Long before Doris Day became the No. 1 ranked box office star of 1960, 1962, 1963, and 1964, she was already proving her commercial viability in another field: music. In fact, her 1945 record "Sentimental Journey" sold a million copies. With five songs that hit Billboard’s Hot 100, the top-ranked was the 1958 track “Everybody Loves a Lover” that was on the chart for 12 weeks, peaking at No. 14.

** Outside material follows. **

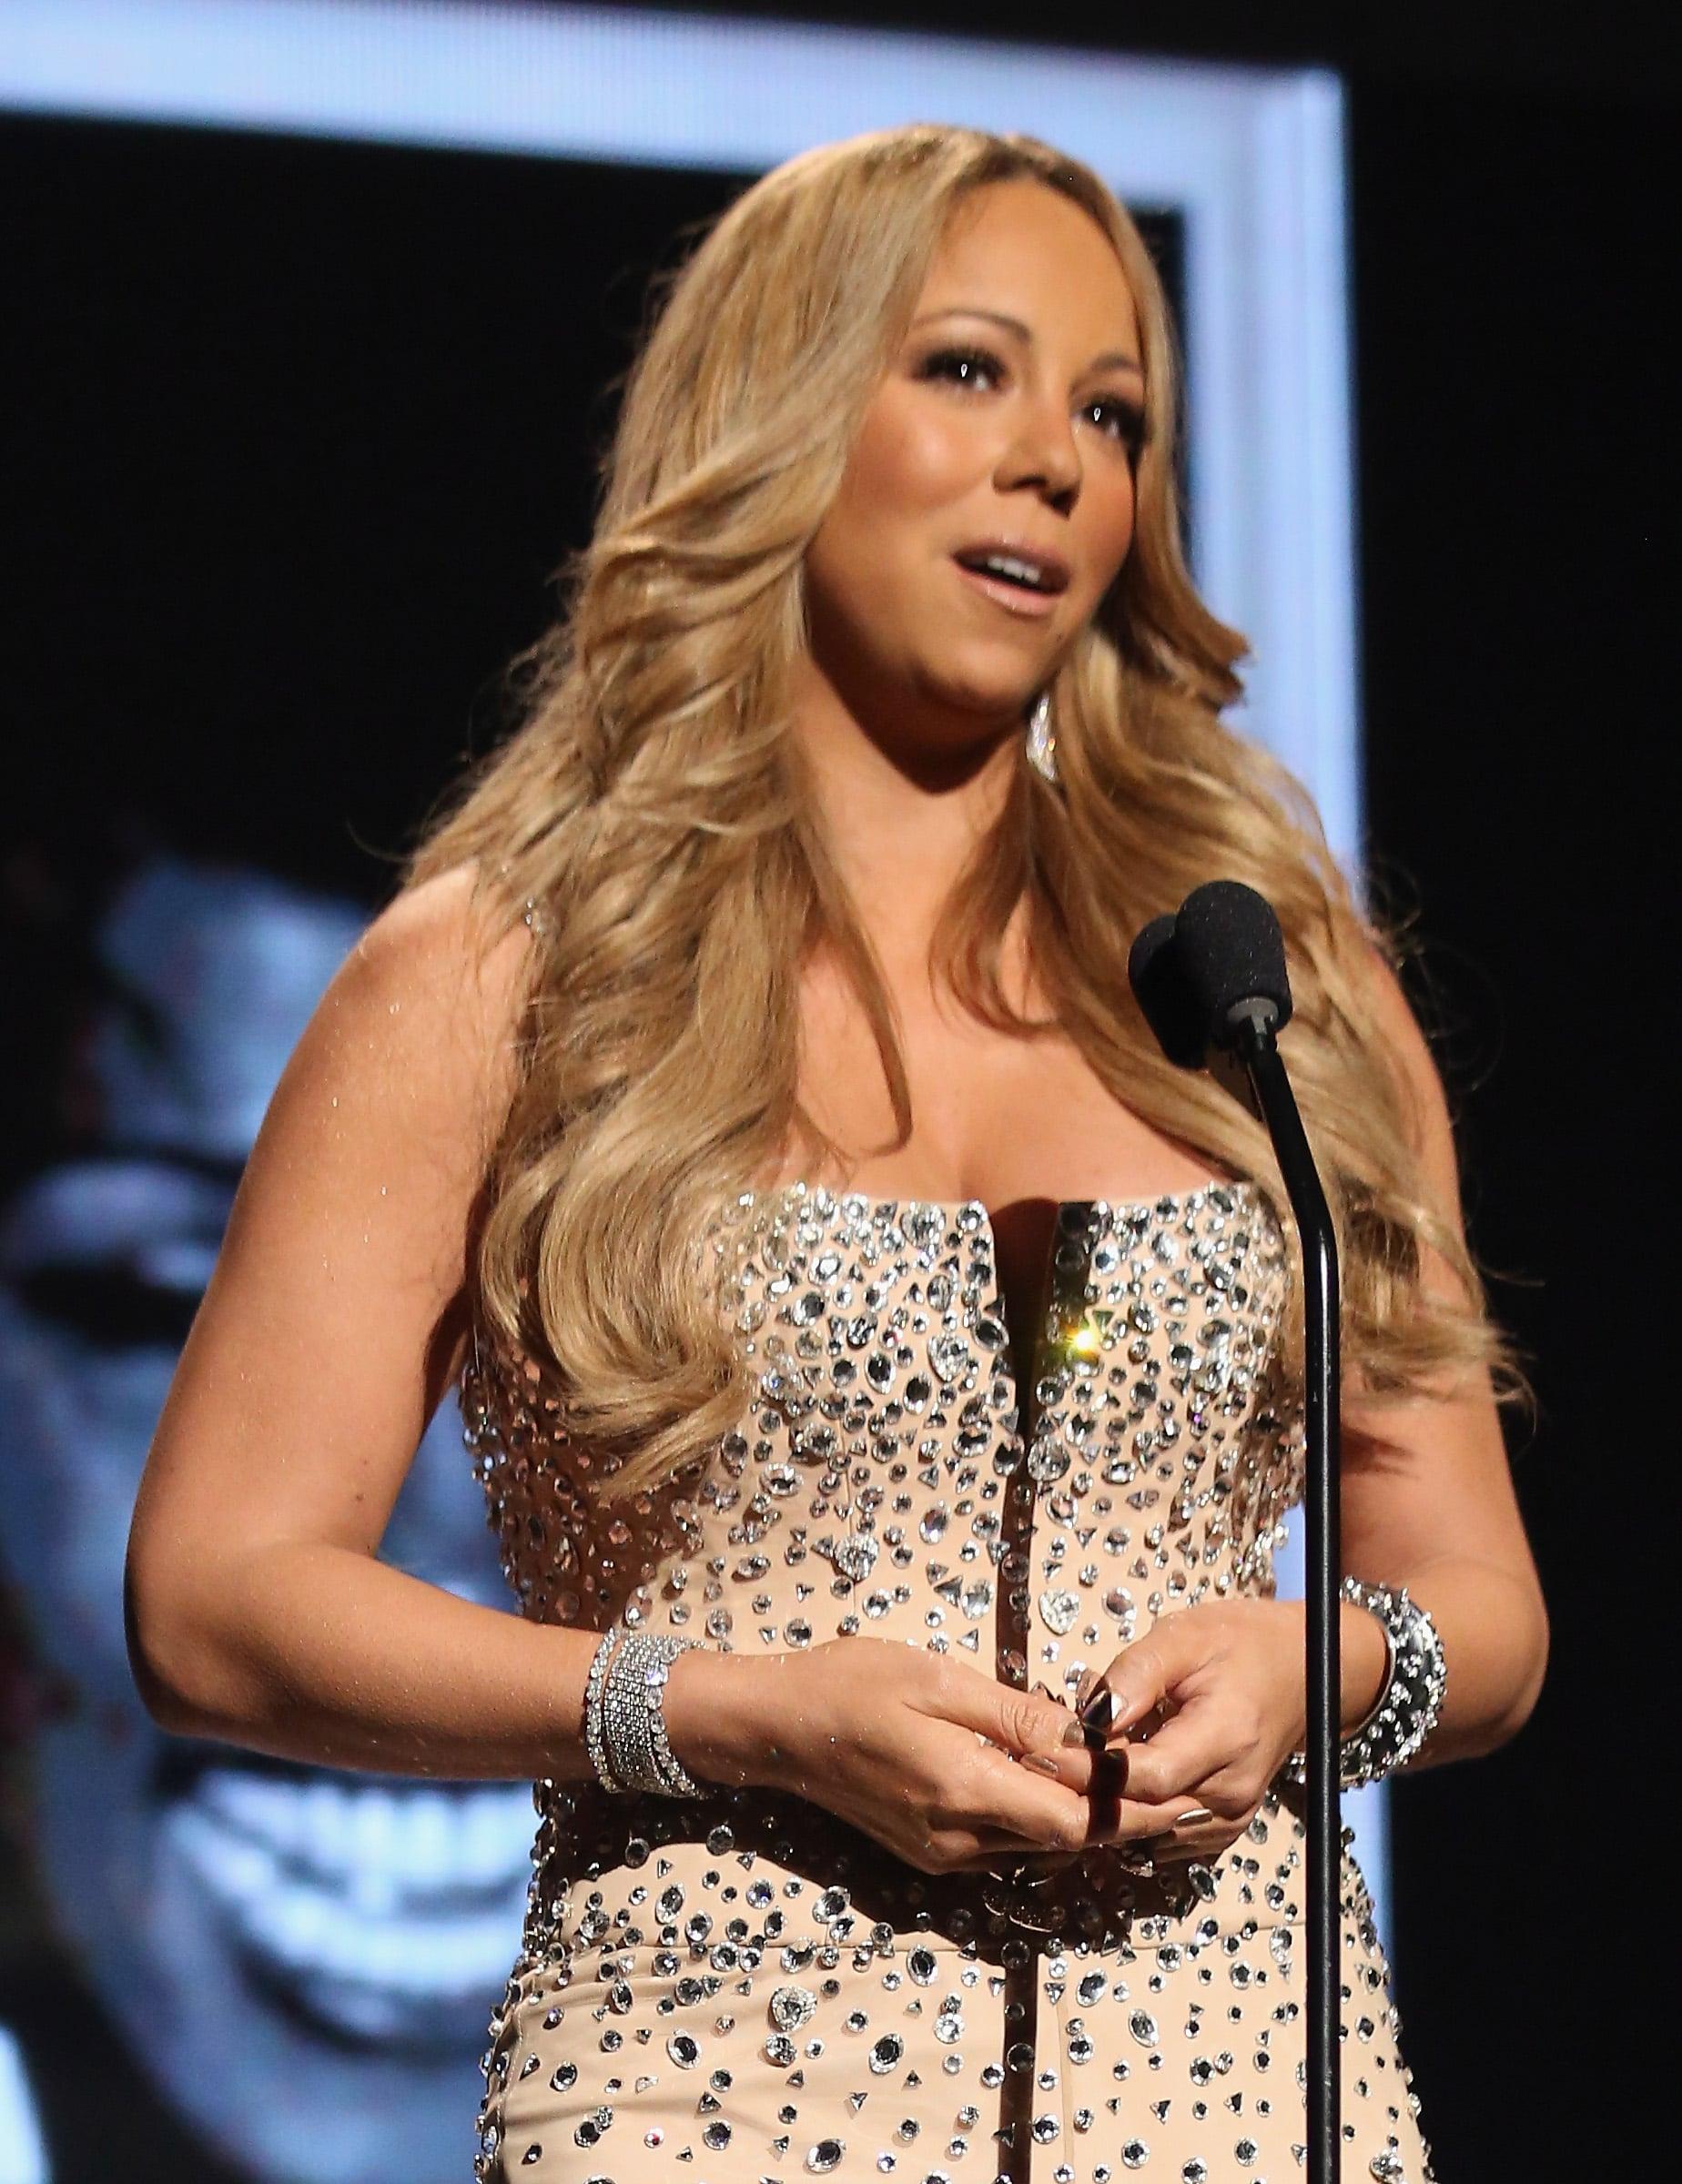 Mariah carey on bet awards ufc 192 betting lines

But the triple threat actually started performing with yet another skill: dancing. She had won an amateur contest when she was 15 and was getting ready to relocate to California to pursue a dance career when the unthinkable happened: Her right leg was broken when a train hit the car she was in. To get her mind off of the tragedy, her mother put her in singing classes, sparking her musical career.
Day eventually made her musical movie debut in Romance on the High Seas (1948) and went on to star in such classics as Lullaby of Broadway (1951), Calamity Jane (1953) and The Man Who Knew Too Much (1956). “You cannot act or sing unless you’re free,” she told The New York Times in 1968. “You have to have your mind free and clear.”
Clint Eastwood

There’s no doubt Oscar-winning actor and director Clint Eastwood is multitalented. In the midst of his thriving film career, he was elected mayor of Carmel-by-the-Sea, California, in 1986 and served for two years. But in addition to his skills in government and the film industry, he also released an album in 1963, just before he made the trio of Western films — A Fistful of Dollars (1964), For a Few Dollars More (1965) and The Good, the Bad and the Ugly (1966) — that turned him into a household name.
The album, titled Rawhide's Clint Eastwood Sings Cowboy Favorites, came out on Cameo Records in 1963, stemming from his success on the CBS series Rawhide, which he starred on with Eric Fleming from 1959 to 1966. The 14-song record included songs like “Tumbling Tumbleweeds” and “Cowboy Wedding Song.”
While he became best known for films like Dirty Harry (1971), Bridges of Madison County (1995), and Million Dollar Baby (2014), music was always infused into his career. “I did [a country duet] with Merle Haggard, which actually got to No. 1 on the country charts — a thing called ‘Bar Room Buddies,’” he told Rolling Stone of the 1980 track. “I even got to do a duet with Ray Charles.” Eastwood also released Eastwood After Hours: Live at Carnegie Hall in 1997, Music for the Movies of Clint Eastwood in 2001 and The Singing Cowboys with Frankie Laine in 2014.
Bruce Willis

John McClane singing R&B?! Sure enough, years before the first Die Hard movie hit screens, Bruce Willis released The Return of Bruno on Motown Records in 1987. His debut album was a companion piece to an HBO special, in which he took on the persona of a fake rock star named Bruno. And in between tales of his famous friends, he broke into songs like “Under the Boardwalk” — and his performance was “surprisingly okay,” according to People magazine at the time. “Springsteen he ain’t. Funny he is. The special won’t make Willis a rock star, but it does add to his portfolio as an entertainer.”
Prior to the musical comedy, he was known for playing David on Moonlighting starting in 1985, before he turned into a full fledged movie star in the first Die Hard in 1988. A year later, he put out another R&B album, If It Don’t Kill You, It Just Makes You Stronger. While he was deep in movie stardom, a compilation of his two albums was released in 2001 as Classic Bruce Willis: The Universal Masters Collection.